(Beginning of Records supplied)

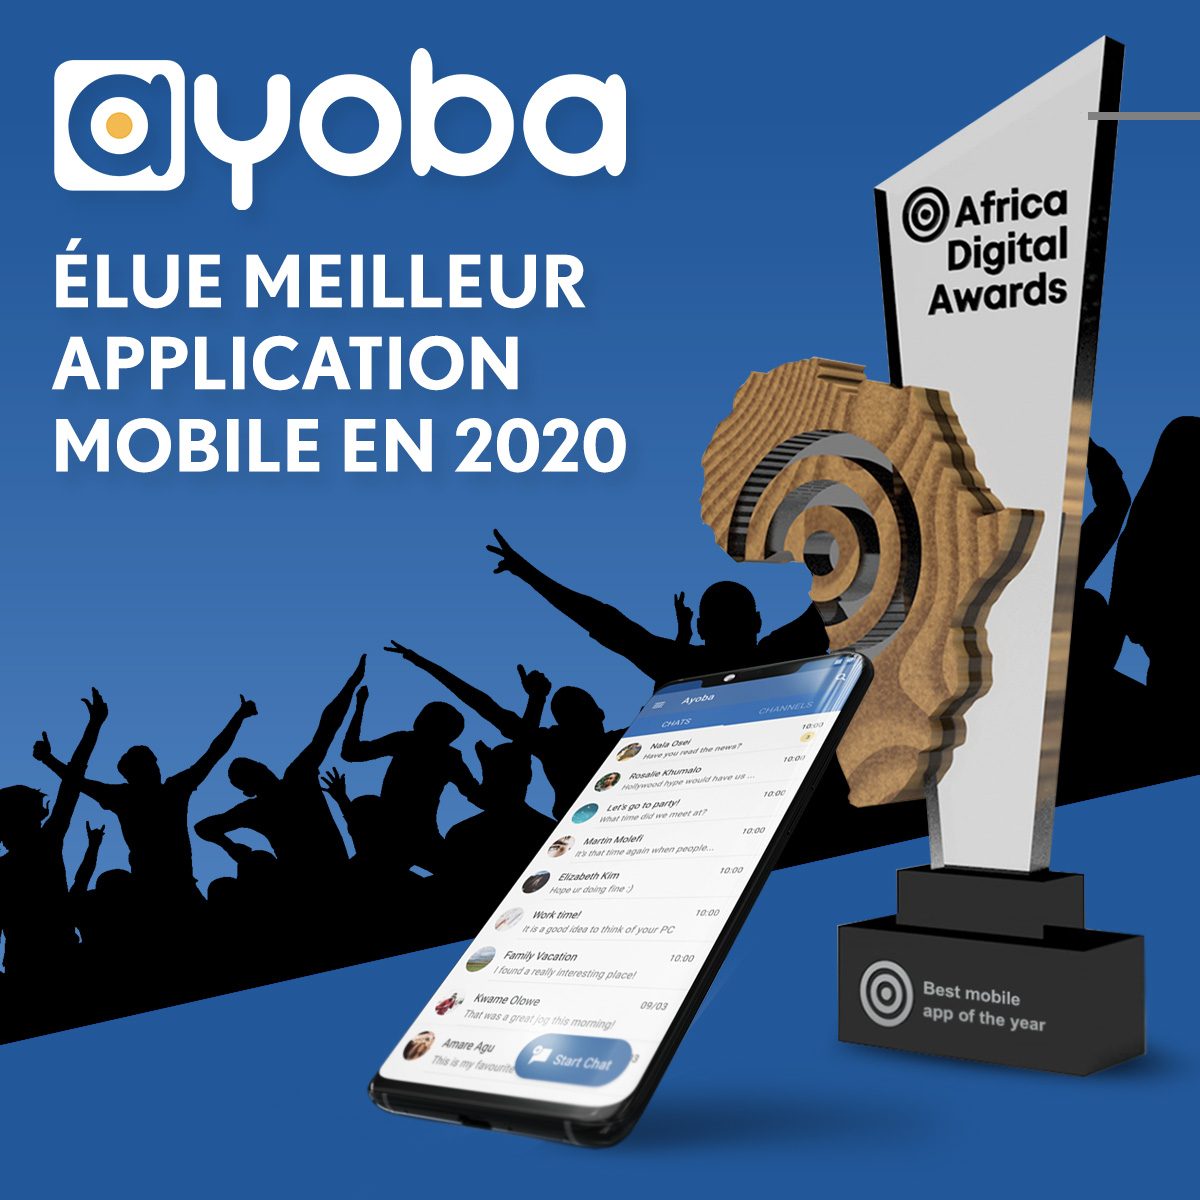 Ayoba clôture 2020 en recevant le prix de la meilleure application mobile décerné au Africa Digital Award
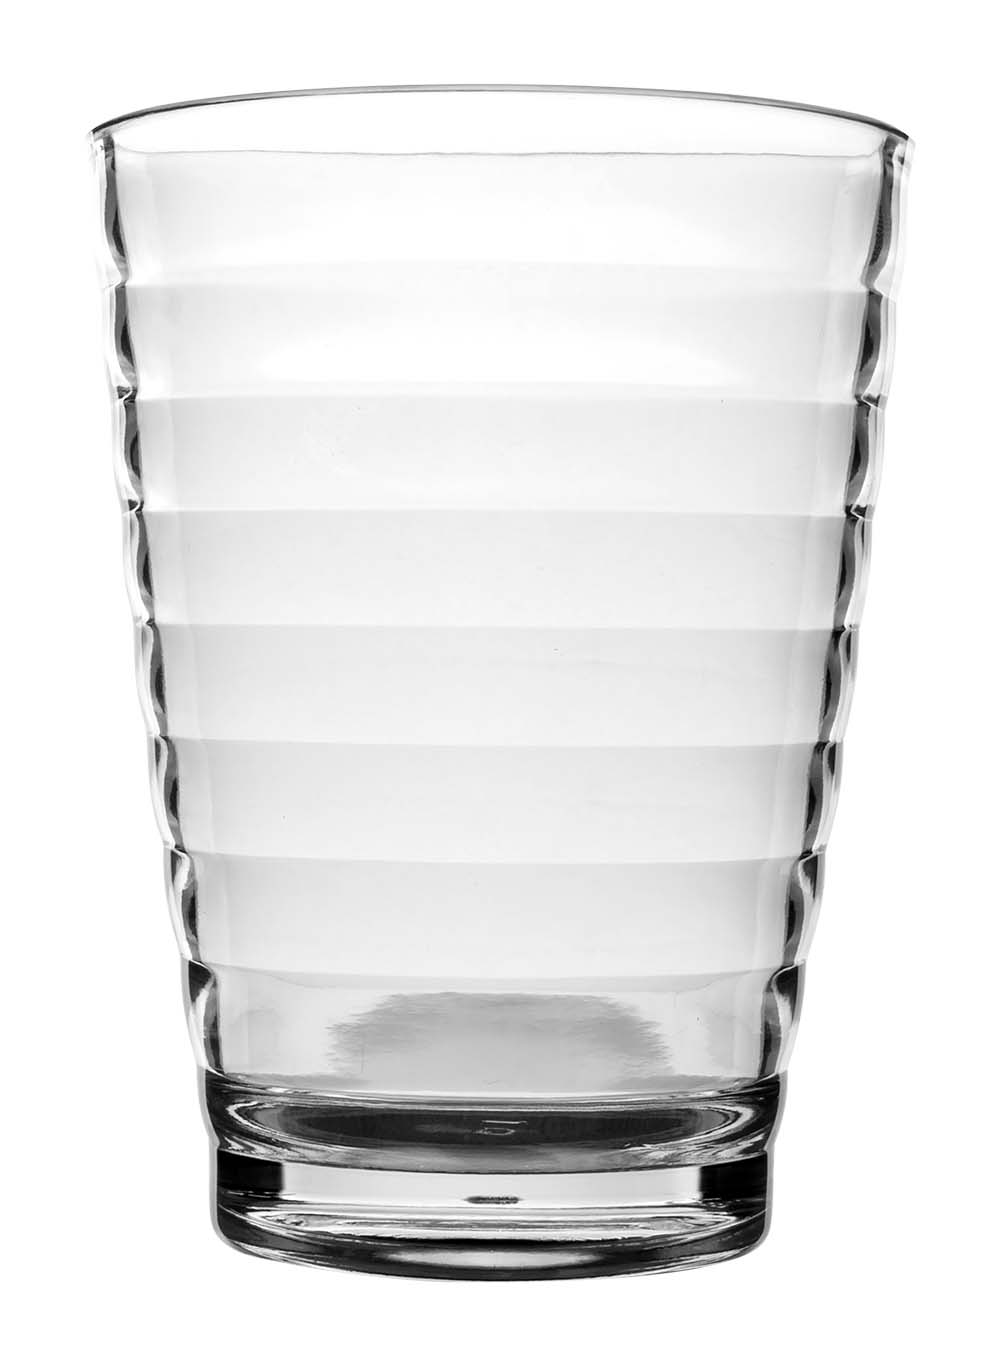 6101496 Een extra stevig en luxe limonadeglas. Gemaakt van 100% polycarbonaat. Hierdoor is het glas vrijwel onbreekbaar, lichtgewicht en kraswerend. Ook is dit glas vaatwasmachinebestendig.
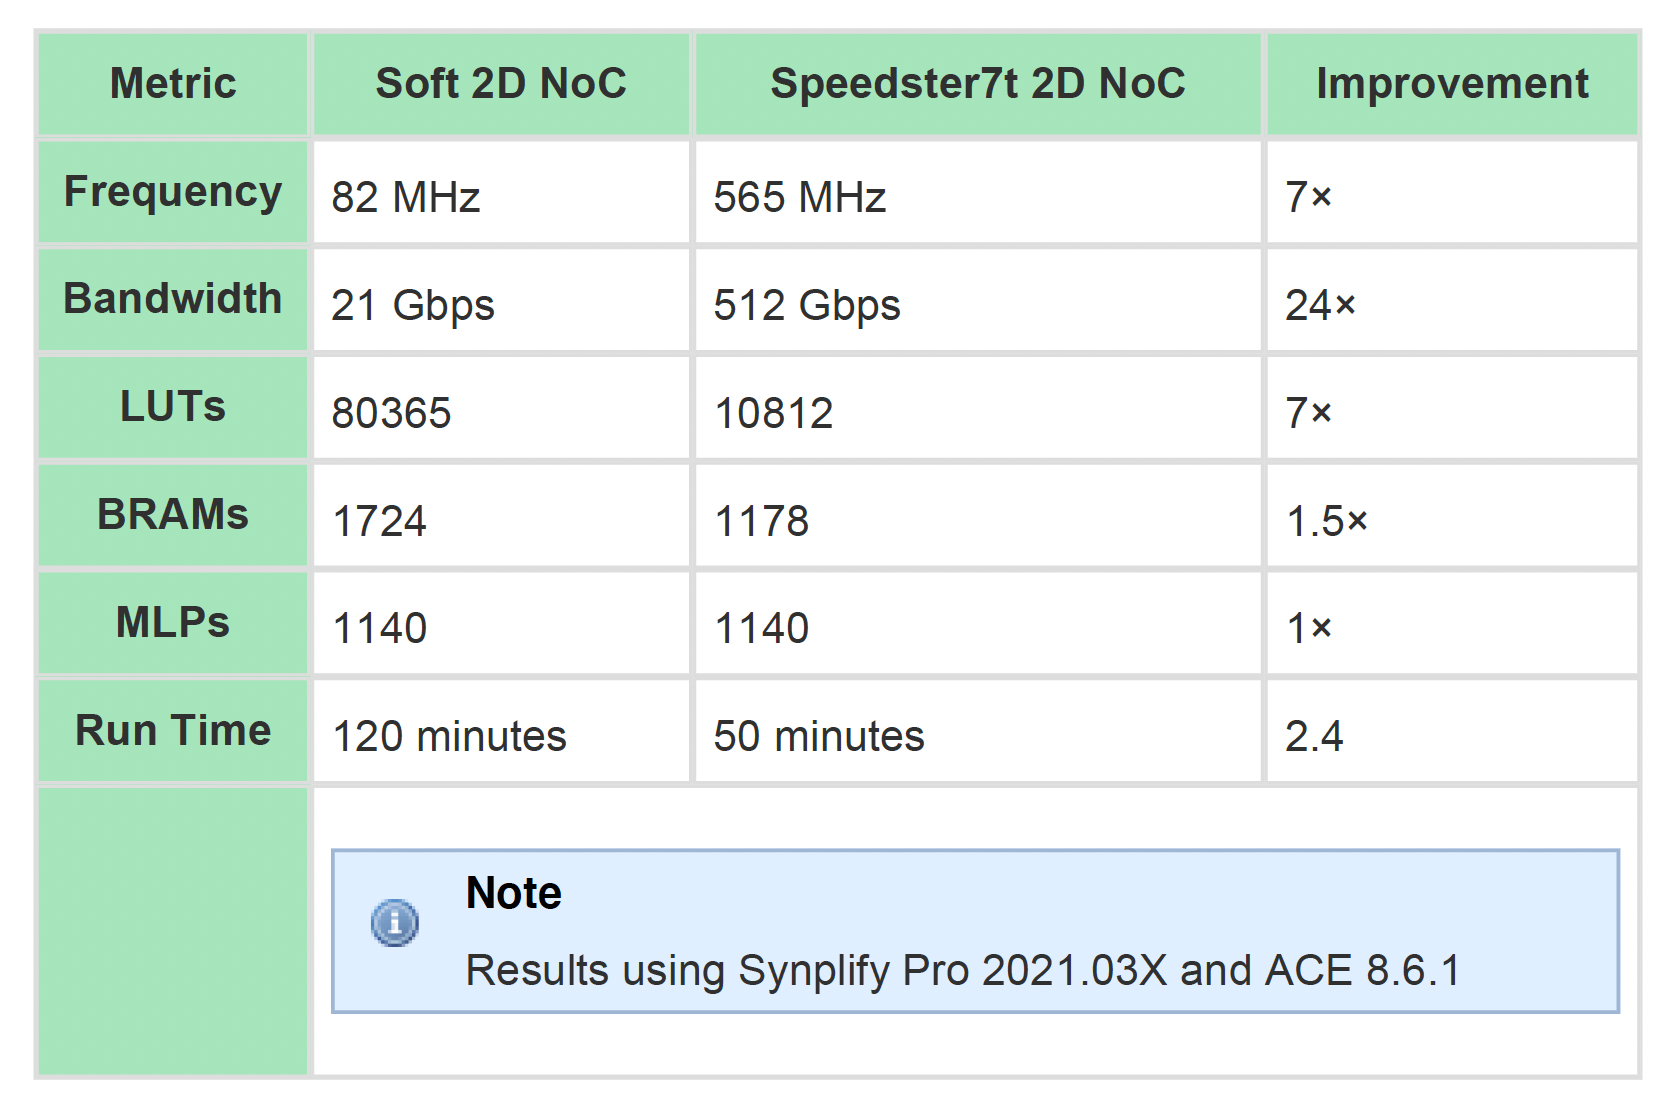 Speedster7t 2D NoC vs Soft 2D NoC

(End of Records supplied)
(Beginning of Records supplied)

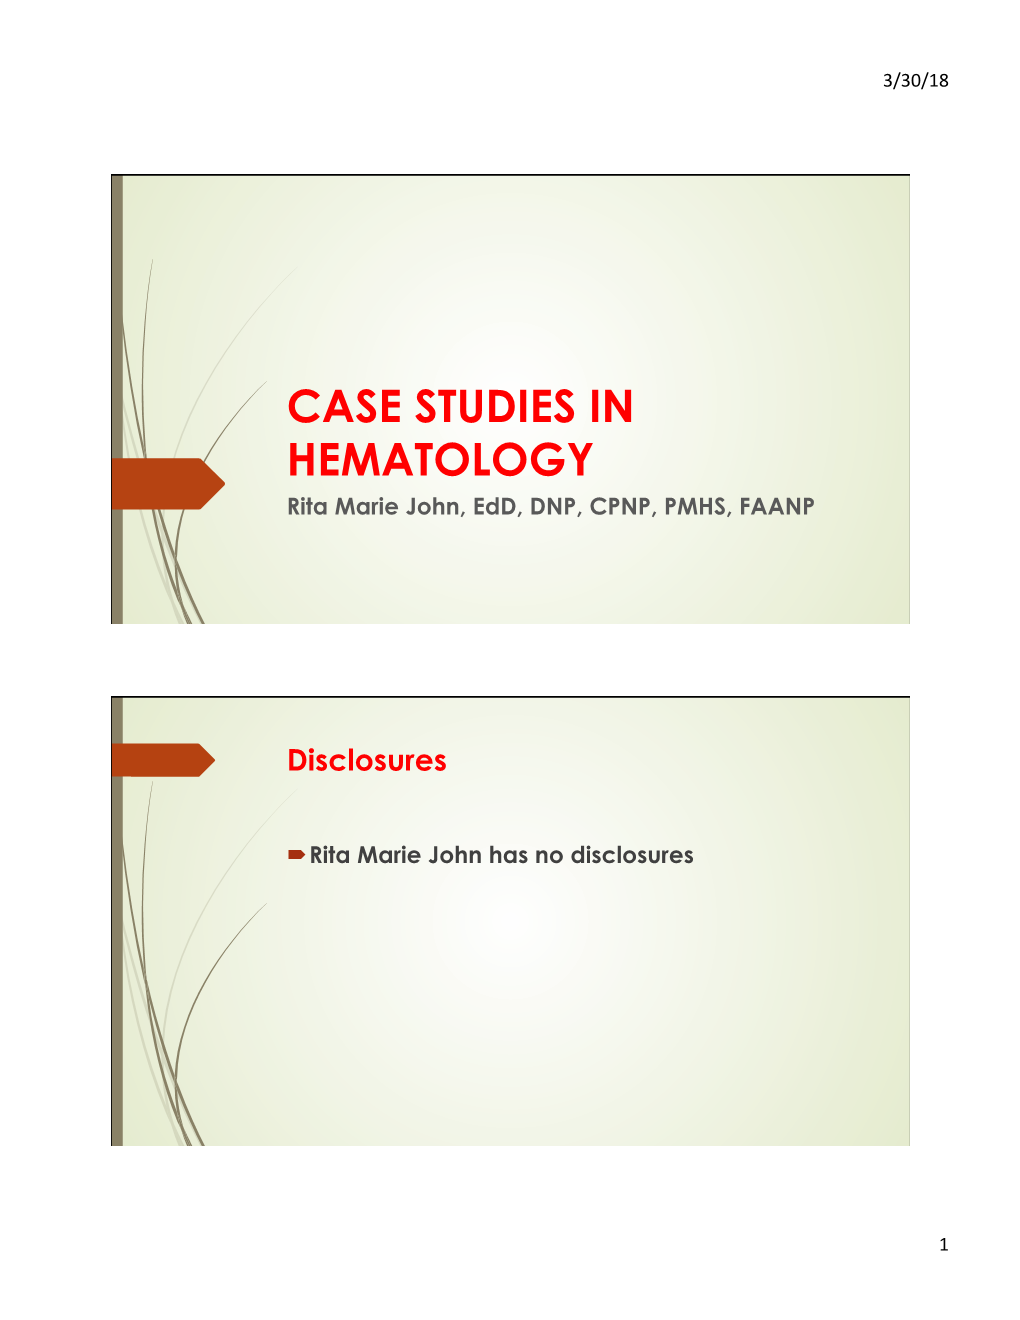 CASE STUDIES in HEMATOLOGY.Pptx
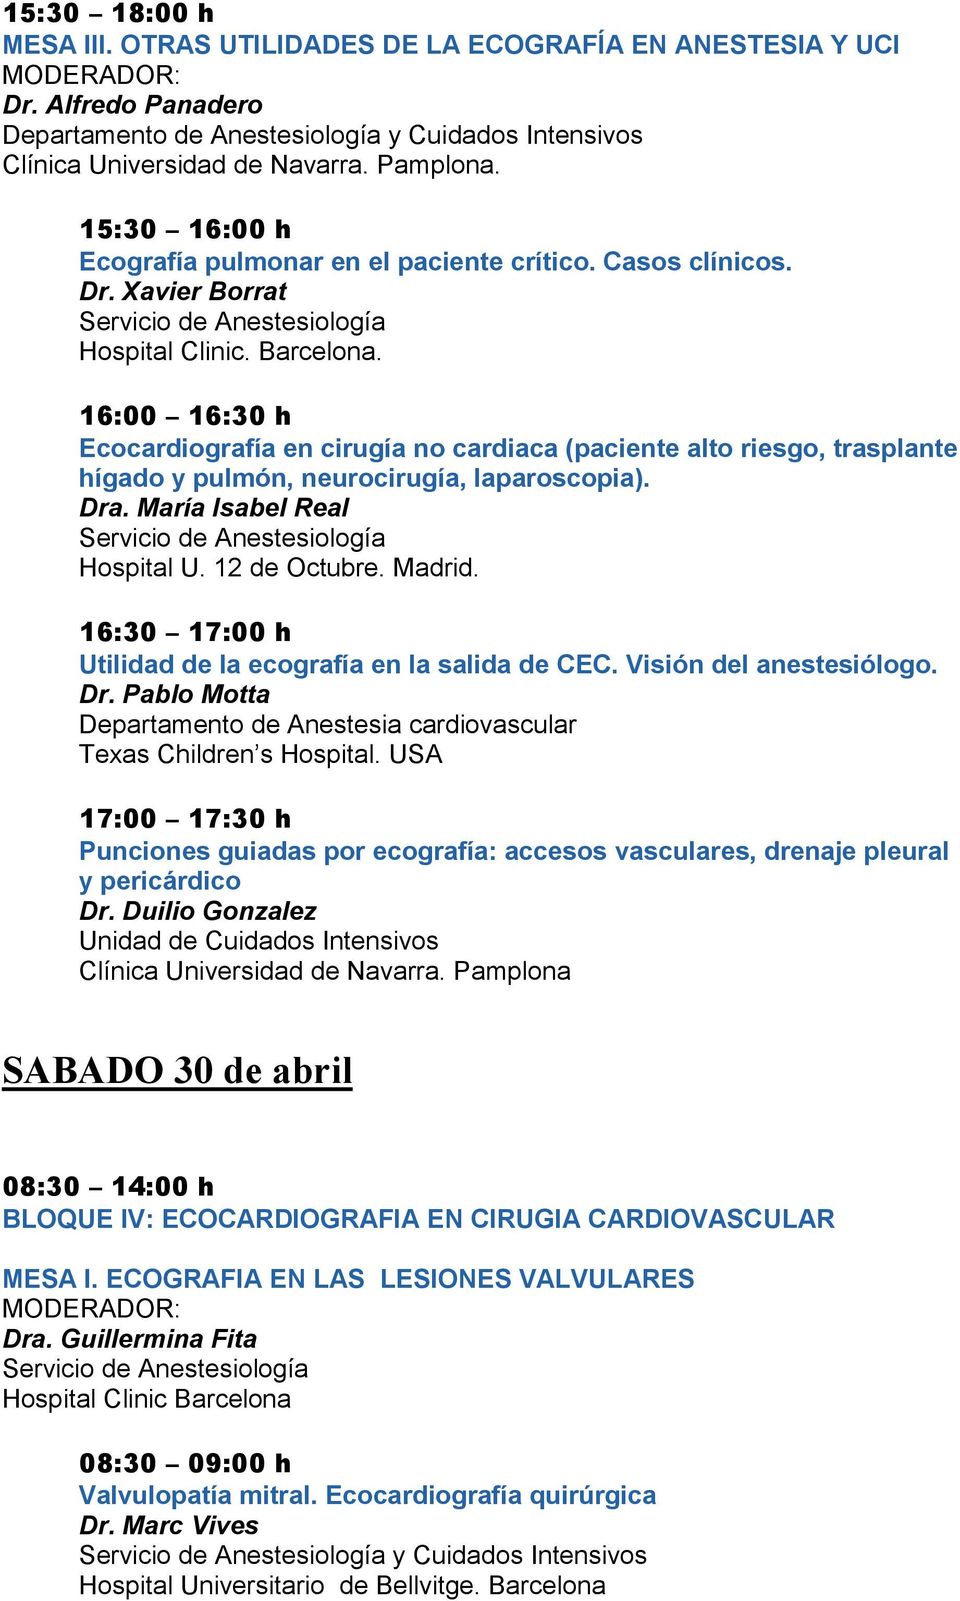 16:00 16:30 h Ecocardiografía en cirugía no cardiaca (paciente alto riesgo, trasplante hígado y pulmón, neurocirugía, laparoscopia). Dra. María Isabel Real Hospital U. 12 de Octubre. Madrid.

(End of Records supplied)
(Beginning of Records supplied)

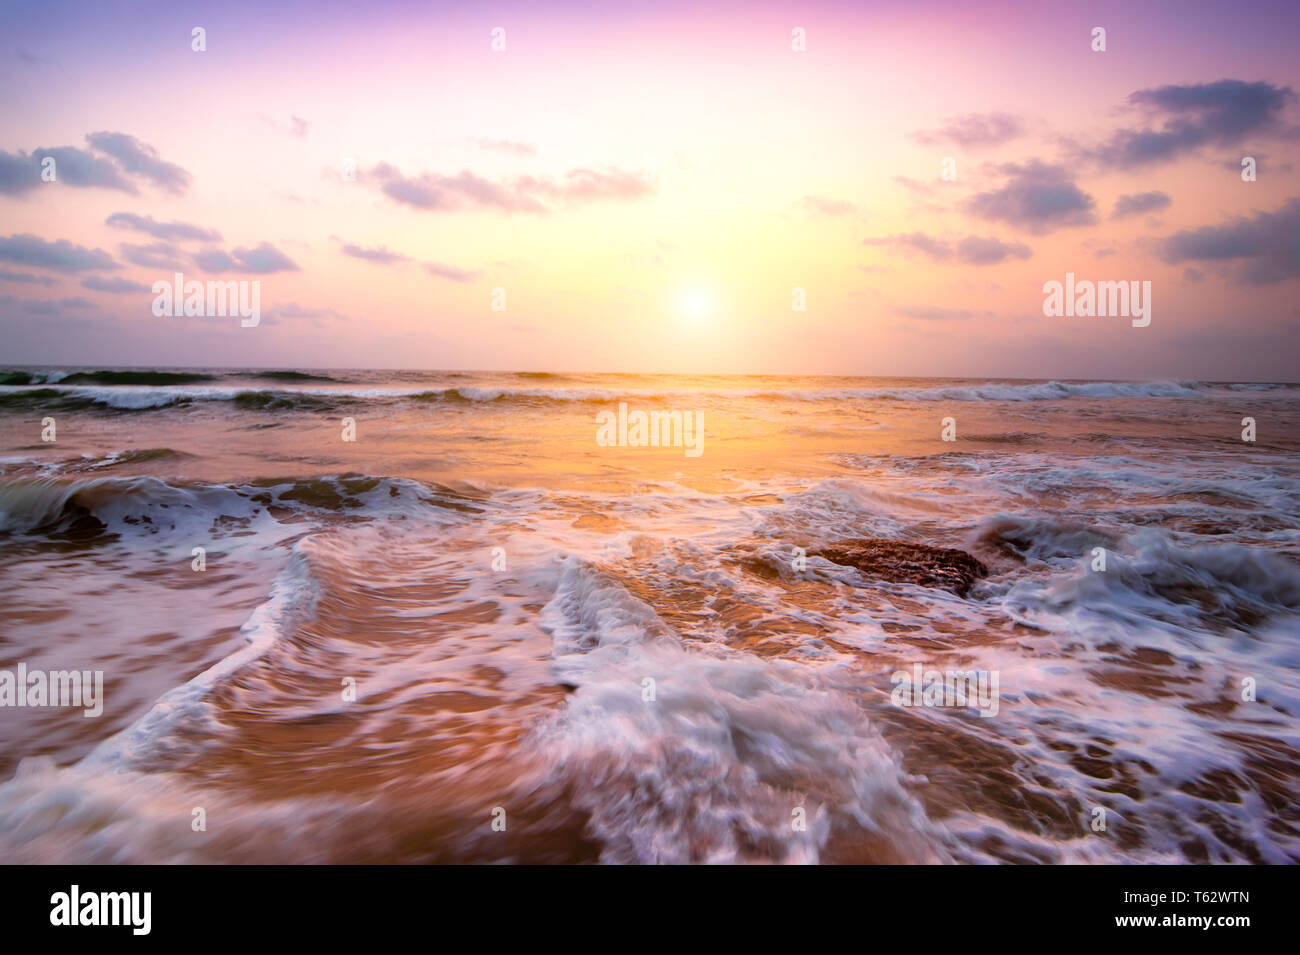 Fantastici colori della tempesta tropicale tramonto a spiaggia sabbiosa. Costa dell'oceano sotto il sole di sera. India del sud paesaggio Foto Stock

(End of Records supplied)

## [What to produce]
Between and including the line above that contains "CASE STUDIES in HEMATOLOGY.Pptx" and the line that contains "16:00 16:30 h", restate every line word for word. Pictures stay out.

## [Answer space]
 CASE STUDIES in HEMATOLOGY.Pptx
 16:00 16:30 h Ecocardiografía en cirugía no cardiaca (paciente alto riesgo, trasplante hígado y pulmón, neurocirugía, laparoscopia). Dra. María Isabel Real Hospital U. 12 de Octubre. Madrid.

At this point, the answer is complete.